One of my favorite poses. 
This subject is making a real show of his serratus anterior muscle.

The way these bodies are set in an environment, interacting with their world, and (in this case) acknowledging the viewer. Inspired me to make some "anatomy" comics in the same theme.

Pictorial Anatomy of the Cute does with adorable kittens what Casseri did with human beings, but kittens are cuter. To make this mini comic I had to study cat anatomy and comparative anatomy, too.


 Pictures in the mini comic are grayscale, but the colors are cuter.

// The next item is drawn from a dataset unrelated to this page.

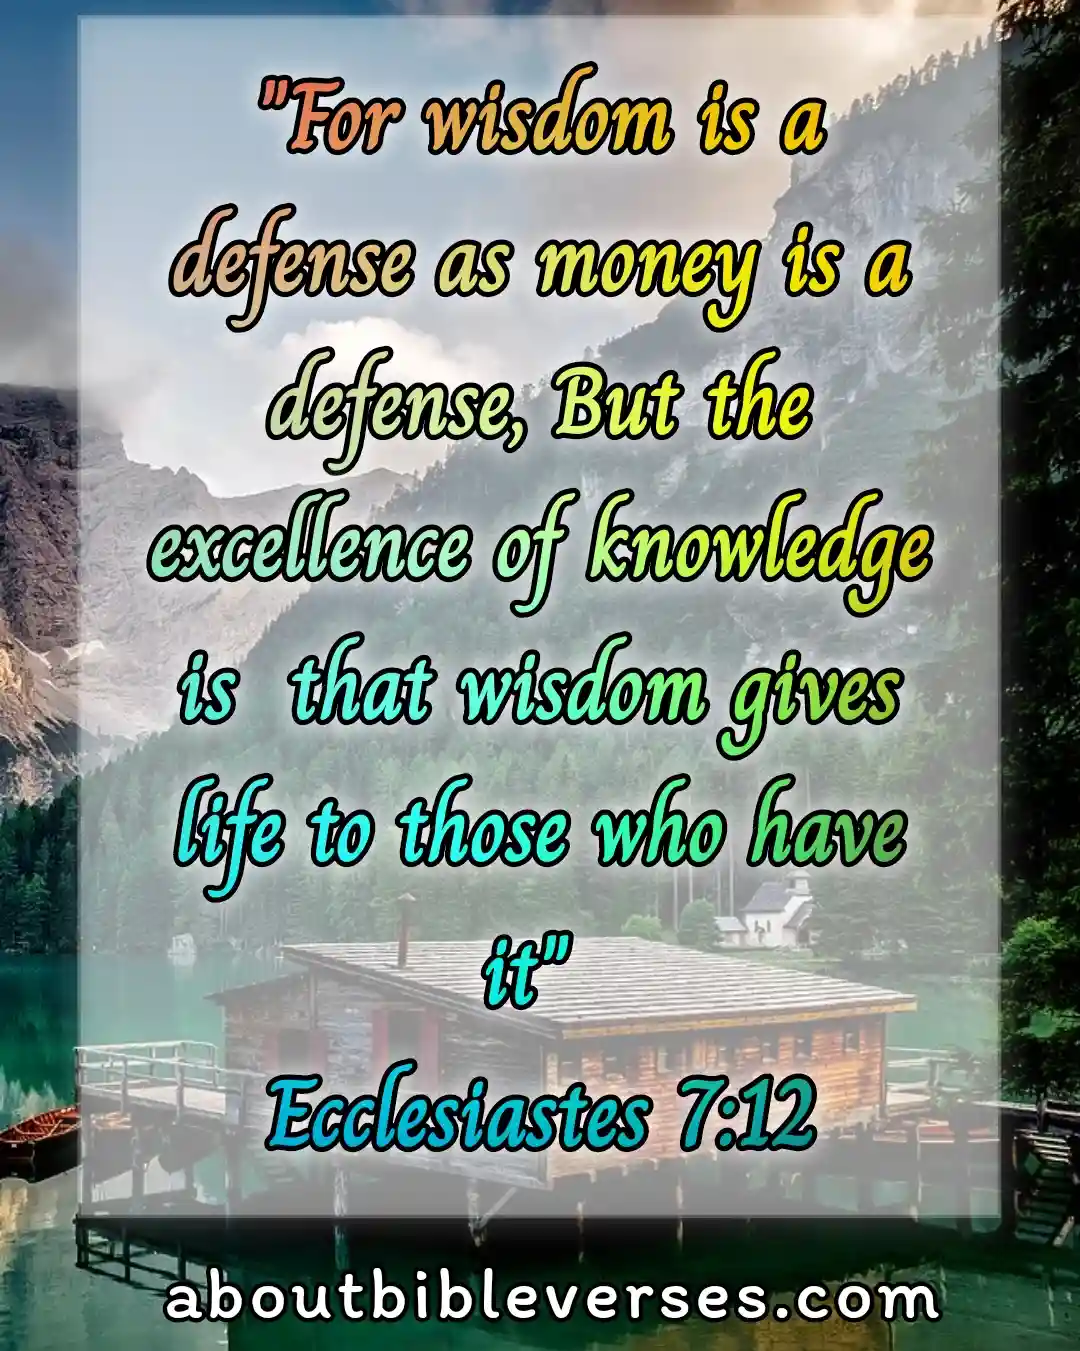 Bible Verses About Age And Wisdom (Ecclesiastes 7:12)

This picture from "The World Is Not Enough" is a reference to another historical anatomical illustration done by the anatomist Bernhard Siegfried Albinus and his artist Jan Wandelaar. "The Anatomy Of 007" takes the anatomized body interacting with its environment to a whole new level. It also meant getting out a lot of visual anatomical reference, which is also research.

I see an uncanny resemblance between Pierce Brosnan's pose, above, 
and the lateral view of Albinus and Wandelaar's cadaver, below.


DEEPER
One day while browsing Hecktoen International I came upon an article about Marin Marais, an 18th century composer who had undergone lithotomy (bladder stone) surgery and published a musical piece as a descriptive response to his experience. I started to imagine Marais listening to his surgeon mindlessly whistling a tune that would later become his composition. This of course inspired a mini comic about Marais, which in turn inspired research into: the history of surgery and lithotomy specifically; the type of equipment that was used; the position and table used: the French nursery song "Frère Jacques"; the traveling lithotomist, Frère Jacques (NOT the nursery song character as some articles assert); and the life and work of Marin Marais. I even found recordings of the music. I had a great time researching this (in a squeamish, thankful-for-Tylenol-and-Clorox-bleach kind of way.


This page introduces my history of Marais surgery.

Other inspiration has been rabies (the disease), the wandering uterus theorem, and many gag cartoons. The things we do for fun!